Also for the observed value b, as in the case of the observed value a, the correlation coefficient computation unit 13 uses the predicate register to compute the square of the value sequence of the SIMD register Sbtmp and loads the computed square into the SIMD register Sb. In this case, the bit string “1111” binarized by the condition x0 common to the conditional expressions X and X′ is loaded into the predicate register. As a result, for the matrix Yb of the observed values b, the correlation coefficient computation unit 13 computes expression (2) collectively for the conditional expressions X and X′ to find Sb.


In addition, the correlation coefficient computation unit 13 uses the predicate register to multiply the value sequence of the SIMD register Satmp and the value sequence of the SIMD register Sbtmp and loads the multiplied value sequence into a SIMD register Sab. In this case, the bit string “1111” binarized by the condition x0 common to the conditional expressions X and X′ is loaded into the predicate register.
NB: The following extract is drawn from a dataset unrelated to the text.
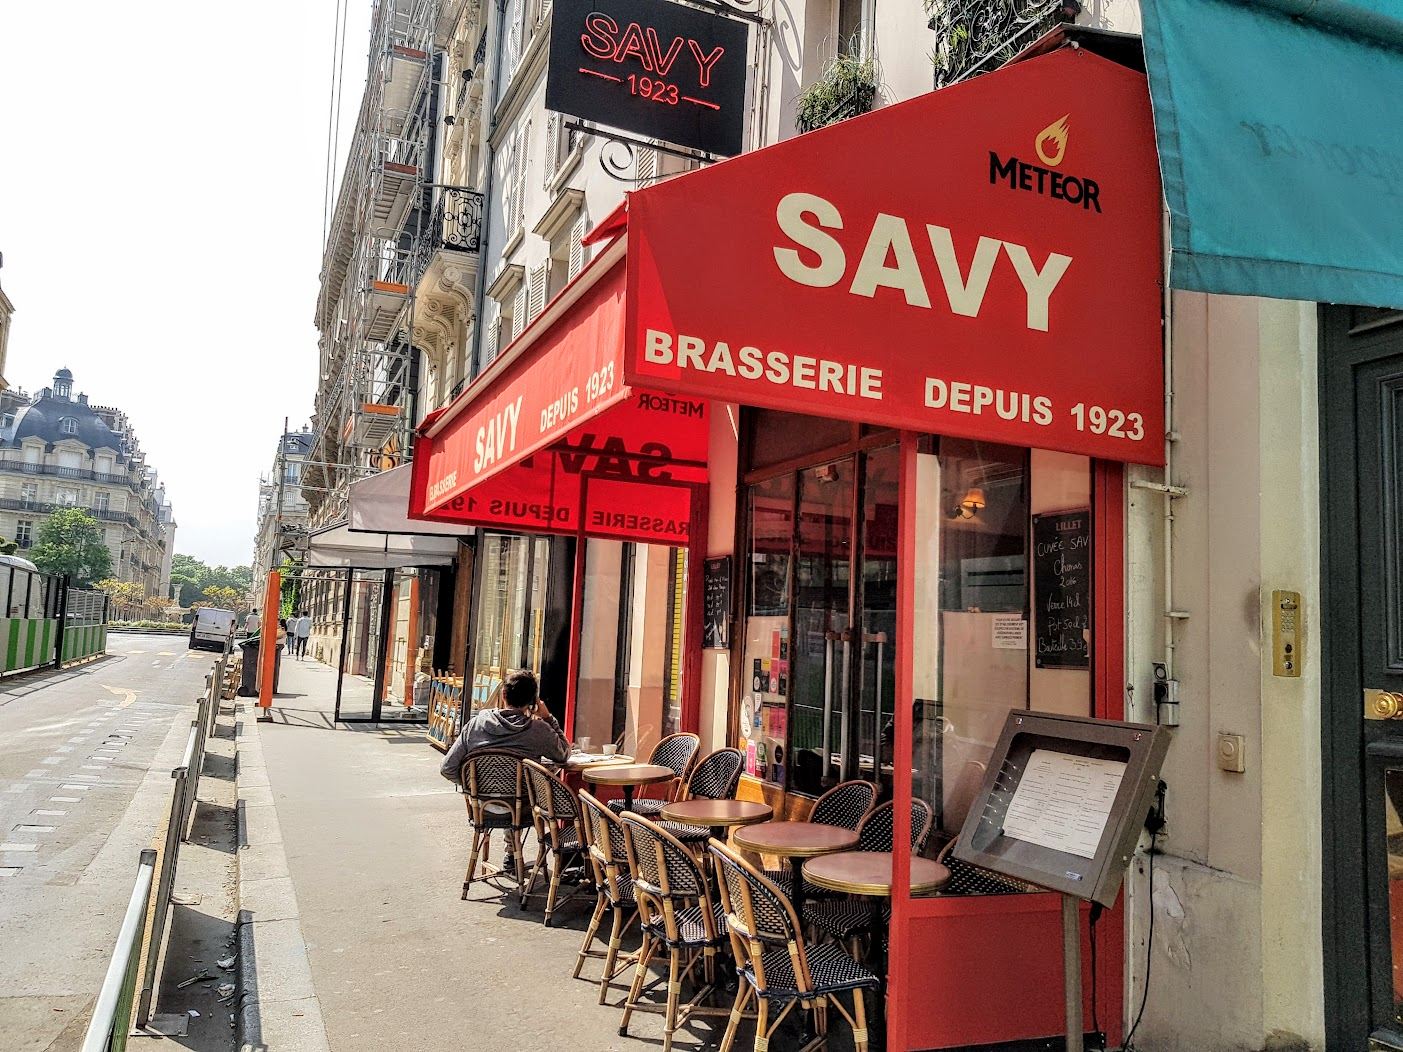 Savy (Chez)

As a result, for the matrix Ya of the observed values a and the matrix Yb of the observed values b, the correlation coefficient computation unit 13 computes expression (1) collectively for the conditional expressions X and X′ to find Sab.


Then, the correlation coefficient computation unit 13 loads the bit string “0101” binarized by the conditional expression X into the predicate register. The correlation coefficient computation unit 13 then masks Sa for the conditional expressions X and X′ with the predicate register and computes the sum (sum) of the unmasked elements to find “sumSaX”. The correlation coefficient computation unit 13 masks Sb for the conditional expressions X and X′ with the predicate register and computes the sum (sum) of the unmasked elements to find “sumSbX”. The correlation coefficient computation unit 13 masks Sab for the conditional expressions X and X′ with the predicate register and computes the sum (sum) of the unmasked elements to find “sumSabX”.


Then, the correlation coefficient computation unit 13 loads the bit string “1010” binarized by the conditional expression X′ into the predicate register. The correlation coefficient computation unit 13 then masks Sa for the conditional expressions X and X′ with the predicate register and computes the sum (sum) of the unmasked elements to find “sumSaX”. The correlation coefficient computation unit 13 masks Sb for the conditional expressions X and X′ with the predicate register and computes the sum (sum) of the unmasked elements to find “sumSbX”. The correlation coefficient computation unit 13 masks Sab for the conditional expressions X and X′ with the predicate register and computes the sum (sum) of the unmasked elements to find “sumSabX′”.


Then, the correlation coefficient computation unit 13 computes a correlation coefficient RyabX between the observed values a and b for the conditional expression X, using (SaX, SbX, SabX). The correlation coefficient computation unit 13 computes a correlation coefficient RyabX′ between the observed values a and b for the conditional expression X′, using (SaX′, SbX′, SabX′).


[Flowchart of Correlation Coefficient Computation Process]



FIG. 9 is a diagram illustrating an example of the flowchart of the entire correlation coefficient computation process according to the embodiment. Note that the observed value list 21 and the condition list 22 have been stored in the storage unit 20. Then, it is assumed that the information processing device 1 has received observed value matrices Y1 and Y2 selected from the observed value list 21 and the conditions x0 and x1 selected from the condition list 22. The observed value matrices Y1 and Y2 are obtained by taking out matrices for two observed values from the observed value list 21.


The information processing device 1 uses the conditions x0 and x1 to execute the average value computation process for the observed value matrices Y1 and Y2 (operation S11). Note that the flowchart of the average value computation process will be described later.


The information processing device 1 uses the conditions x0 and x1 to execute the deviation computation process for the observed value matrices Y1 and Y2 (operation S12). Note that the flowchart of the deviation computation process will be described later.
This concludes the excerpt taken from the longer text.